Your task is to transcribe all of the records exactly and leave out the pictures.

● RECORDS SUPPLIED
──────
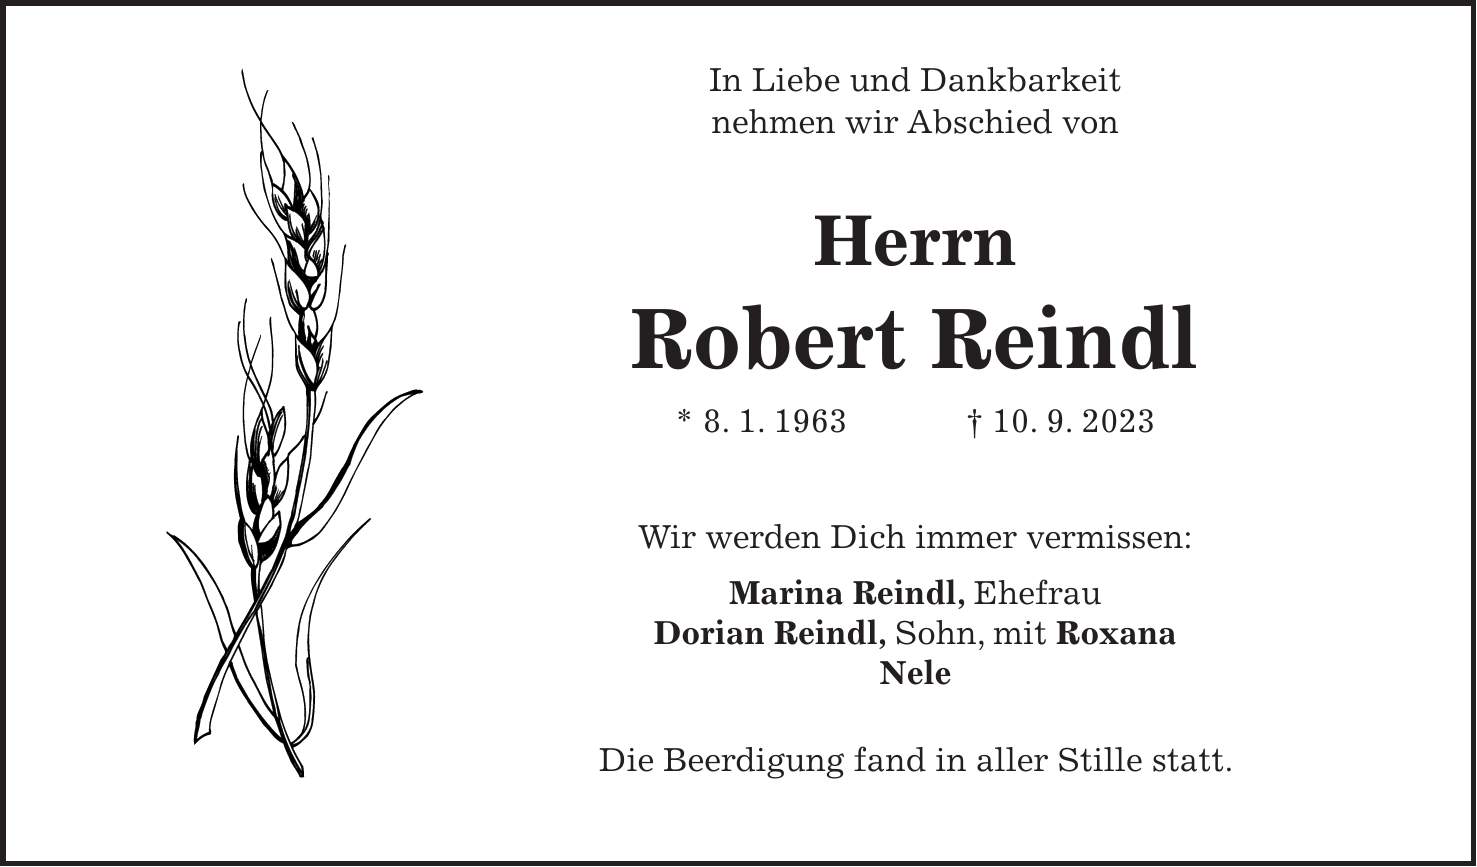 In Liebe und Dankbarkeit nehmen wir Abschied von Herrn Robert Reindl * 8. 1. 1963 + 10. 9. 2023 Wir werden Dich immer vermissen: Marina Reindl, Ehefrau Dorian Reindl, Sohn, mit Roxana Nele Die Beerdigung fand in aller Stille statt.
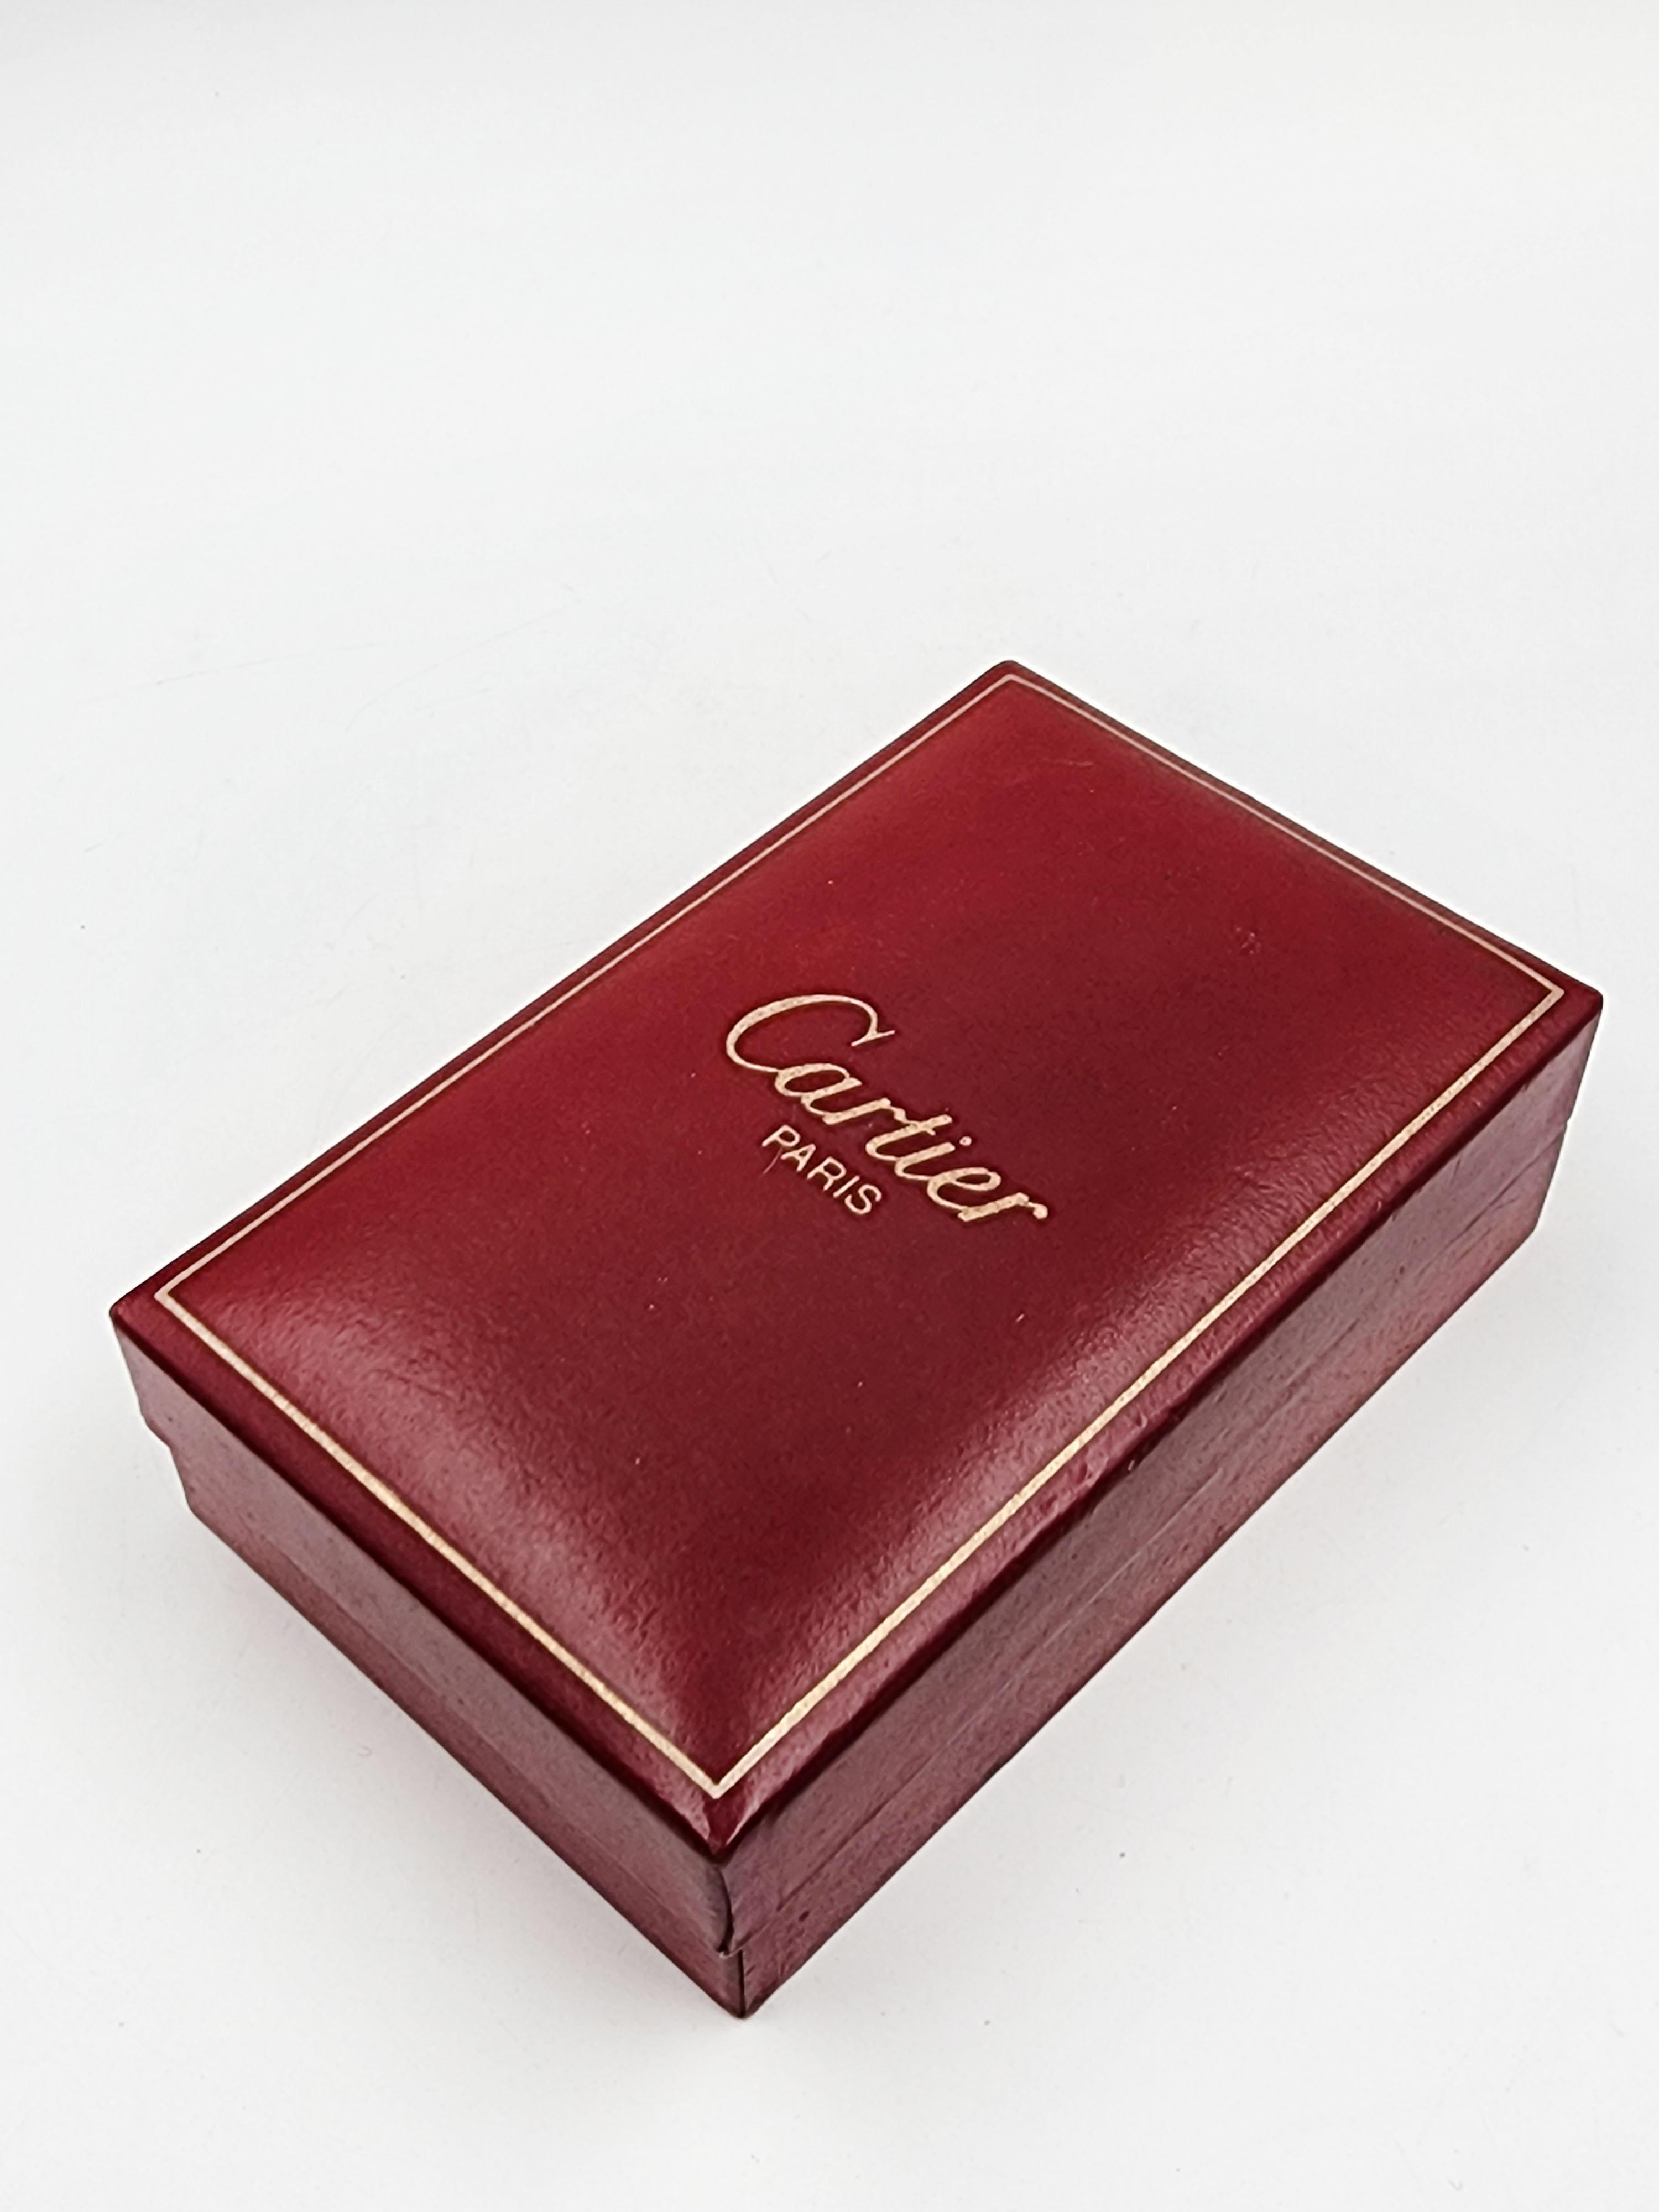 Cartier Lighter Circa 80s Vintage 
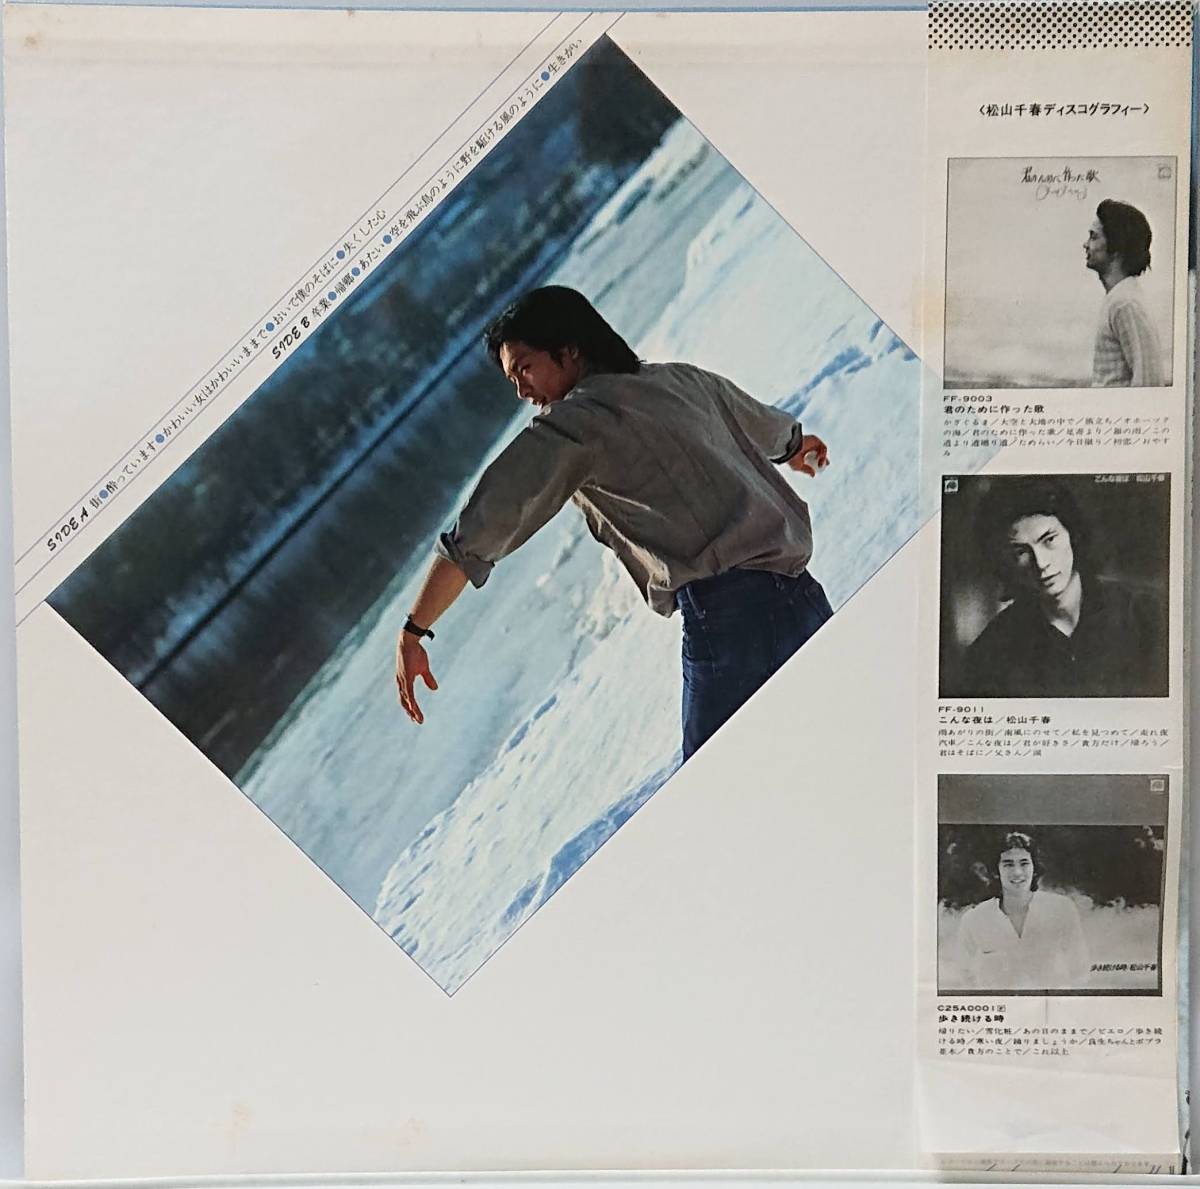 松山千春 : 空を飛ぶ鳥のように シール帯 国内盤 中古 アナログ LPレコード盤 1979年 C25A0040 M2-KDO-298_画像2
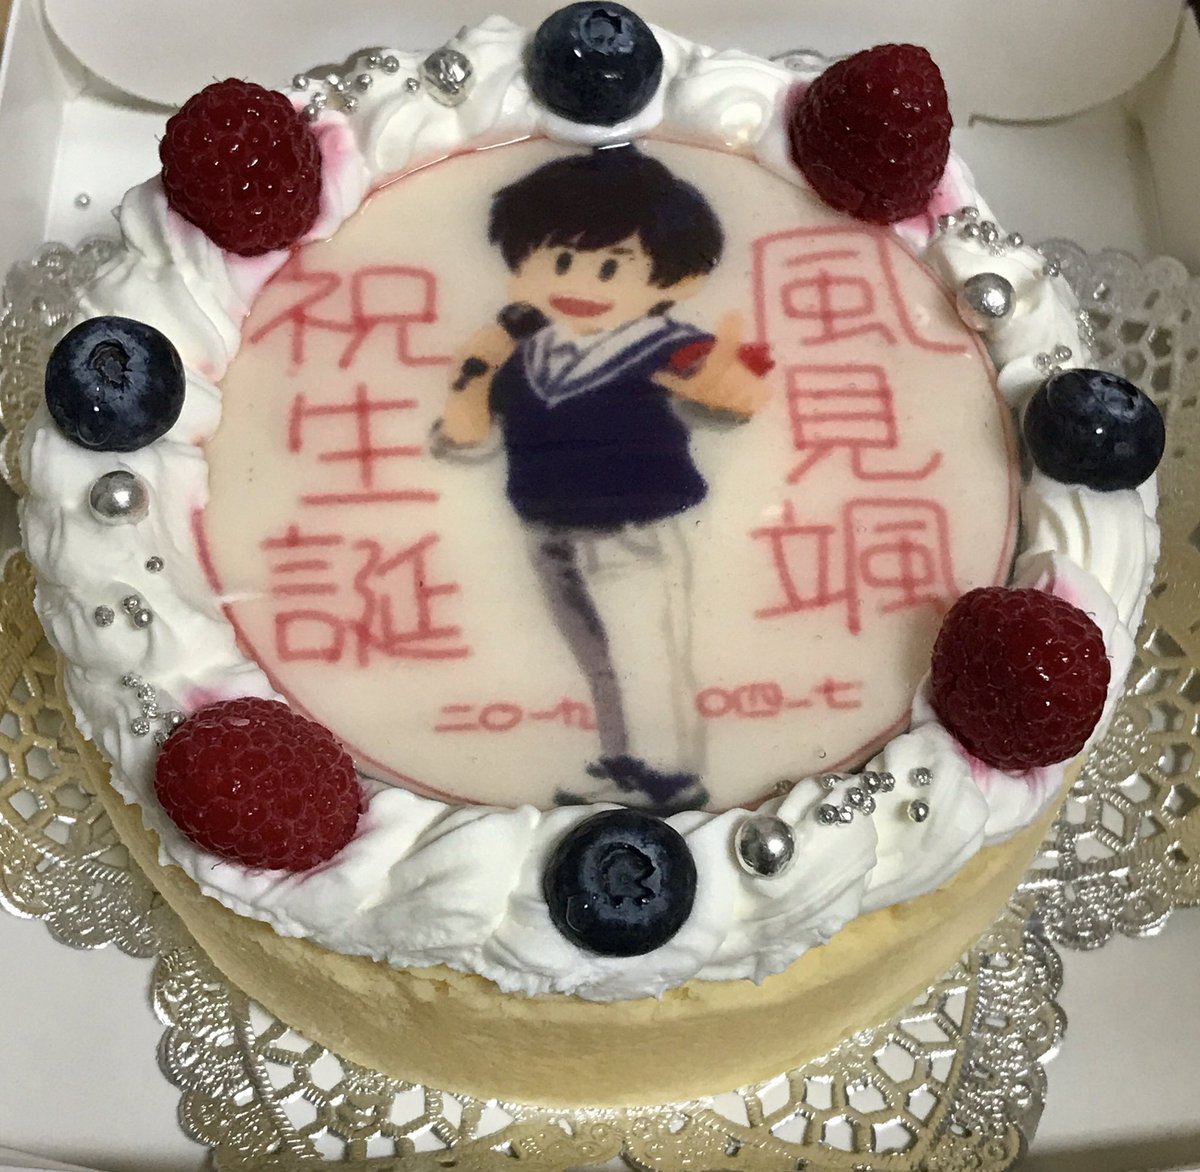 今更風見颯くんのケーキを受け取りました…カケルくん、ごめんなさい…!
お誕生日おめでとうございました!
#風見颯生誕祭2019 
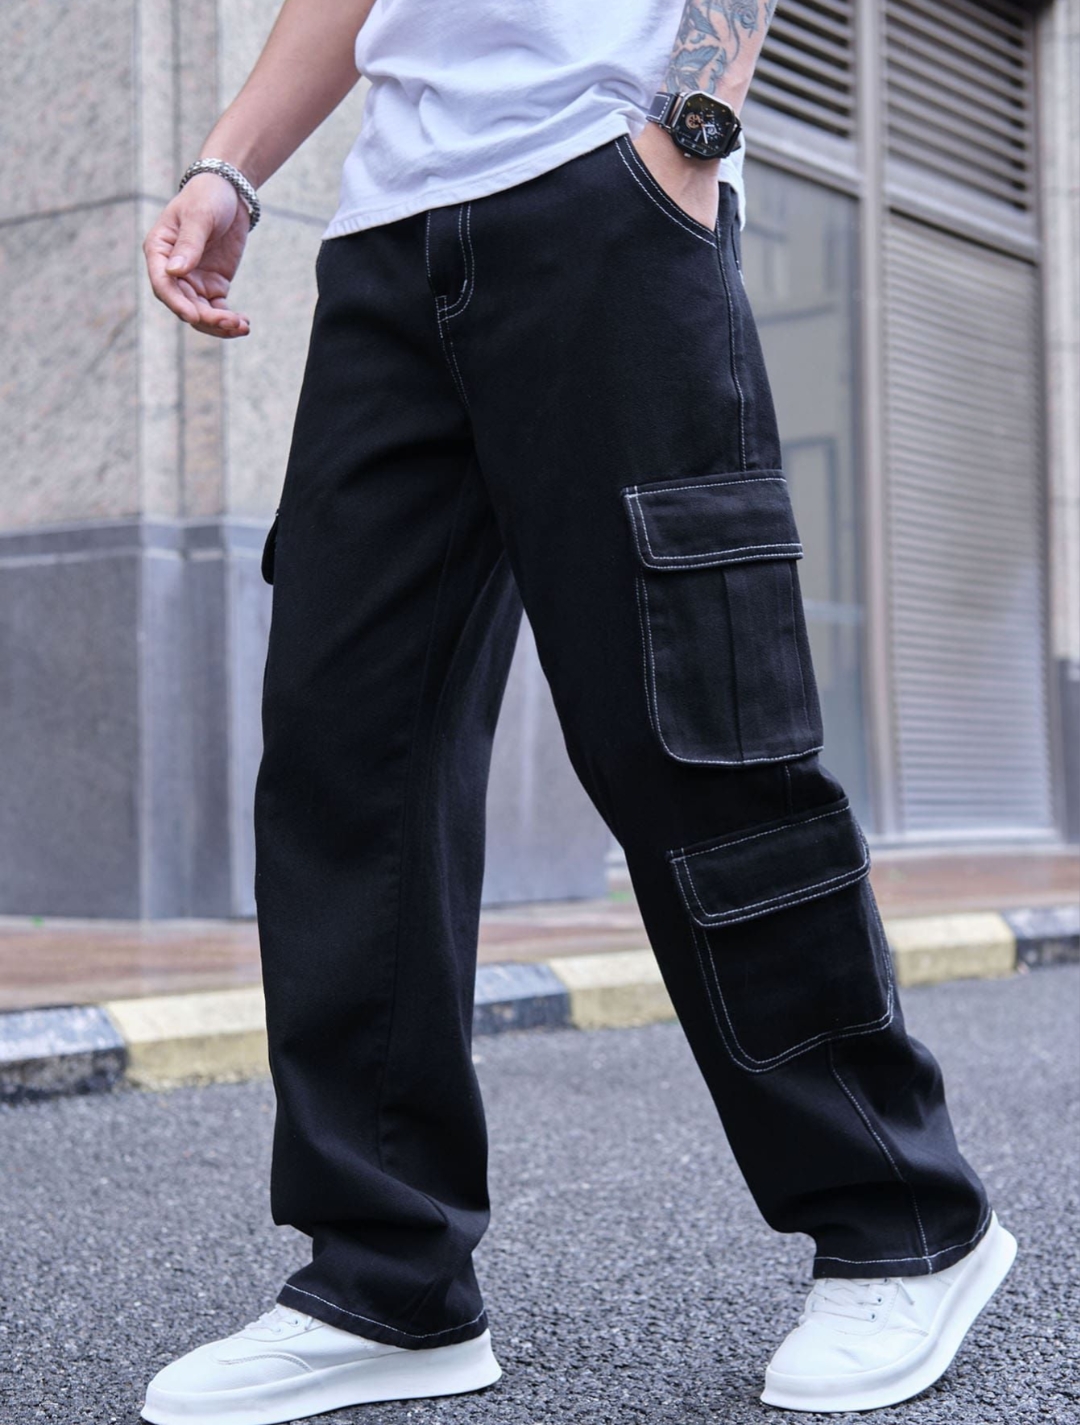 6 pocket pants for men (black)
──────
● WRITTEN RESPONSE
 In Liebe und Dankbarkeit nehmen wir Abschied von Herrn Robert Reindl * 8. 1. 1963 + 10. 9. 2023 Wir werden Dich immer vermissen: Marina Reindl, Ehefrau Dorian Reindl, Sohn, mit Roxana Nele Die Beerdigung fand in aller Stille statt.
 Cartier Lighter Circa 80s Vintage 
 松山千春 : 空を飛ぶ鳥のように シール帯 国内盤 中古 アナログ LPレコード盤 1979年 C25A0040 M2-KDO-298_画像2
 今更風見颯くんのケーキを受け取りました…カケルくん、ごめんなさい…!
お誕生日おめでとうございました!
#風見颯生誕祭2019 
 6 pocket pants for men (black)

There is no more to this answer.